- Château Haut-Brion
- Semillon / Sauvignon Blanc
- 2028 - 2050
- Case size
- En Primeur
Neal Martin, May 2021,
The 2020 La Mission Haut-Brion Blanc has an intense nose of white flowers, Conference pear, broom and almost basalt-like aromas. It demands an hour to really show what it can do – nothing new there. The palate is beautifully balanced with fine acidity, delivering grapefruit, passion fruit, touches of sour lemon and an underlying salinity that upholds the requisite tension on the finish. Very assured and classy, though perhaps the growing season denied it a soupçon of mineralité that would have elevated it to a bona fide great La Mission Blanc. As usual, it will require cellaring and ample decanting. Drink 2028 - 2055
Decanter, May 2021,
Fragrant white flowers, touches of lime blossom and slate-filled citrus. The acidity is fresh, but this is more about texture, and it is extremely successful. Harvest from 19th to 28th August. The minerality, together with freshly cut rosemary and sage notes, is accentuated as it opens, which is an excellent indicator of how well this wine will age. Deft winemaking, as ever, proving why this is one of Bordeaux's best loved white wines. Tasted twice. Drink 2022-2032
Antonio Galloni, June 2021,
The 2020 La Mission Haut-Brion Blanc is pure seduction. Creamy and layered in the glass, the 2020 is elegance personified. Hints of spice and white flowers lead into apricot, white peach, mint and sage, all beautifully knit together. The 2020 balances freshness with textural intensity so sell. It's an absolutely gorgeous wine. Drink 2030-2050
Wine Cellar Insider, May 2021,
Green apples, pears, lemon, grapefruit peel, spice, flowers, crushed rocks and stone create the nose. The palate is full, rich, deep and creamy, with endless layers of fresh, ripe, yellow citrus, honeysuckle and minerality tinted fruits that are made even better by its slap of crisp, biting acidity. Made from a blend of 55% Sauvignon Blanc, 45% Semillon, picking took place August 20, August 27.

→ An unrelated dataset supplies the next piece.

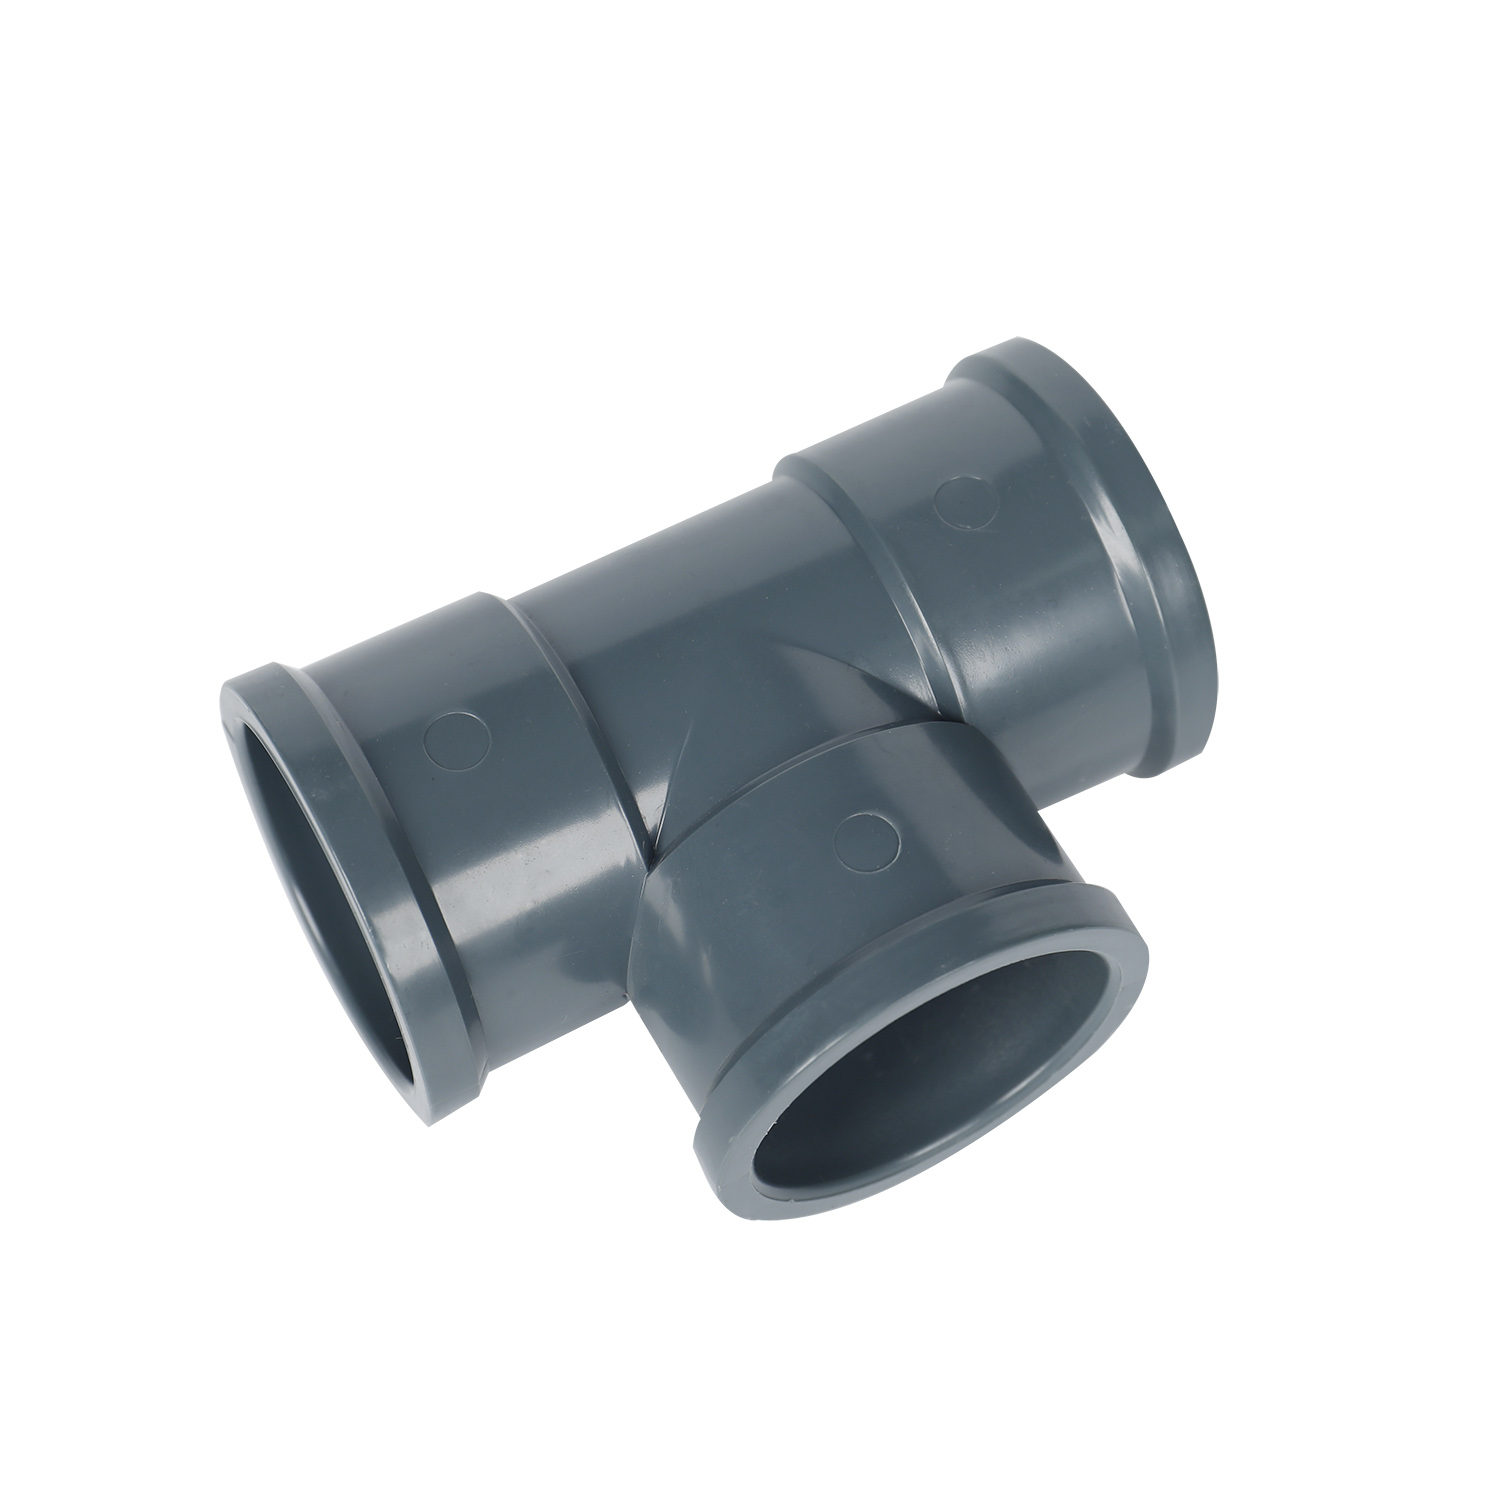 Factory wholesale high quality plastic pvc pipe plumbing fittings manufacturers 3 inch PVC tee fittings supplier

Jancis Robinson, April 2021,
Very pale, low-key nose. Edgy and pungent with real freshness (more than Haut-Brion Blanc?). Sleek and dense with a certain smokiness and drive, but still pretty embryonic. Much less flashy and rich than this wine used to be. This promises well. Drink 2024–2037
Matthew Jukes, April 2021,
This is a stunning wine with a rich, layered palate and a super-long, savoury, salty finish. The oak is sensational and it only adds to the exotic citrus flavours found in this wine. The finish is keen and raspy with bright acidity and considerable structure. Super-youthful and with a long way to go, which will involve adding more obvious weight and texture to the framework as the commanding acidity senesces, this is a tremendous effort from La Mission. Already spellbinding, goodness only knows what will happen in the future when this wine finally unpacks all of its myriad qualities.
Arguably the oldest recognised Bordeaux grand cru, Haut Brion has been owned by the American Dillon family since 1935. The Château was an early moderniser - the first estate to implement steel vats in 1961 - and over the years, their incredible investments have re-established the inherent quality of this property, enabling it to emerge as possibly the most consistent first growth since the 1980s. Situated in Pessac-Léognan in Graves, the estate is the only classified growth located outside the Médoc. Château Haut Brion has the most Merlot and the most Cabernet Franc of any of the First Growths and the second wine is Bahans Haut Brion.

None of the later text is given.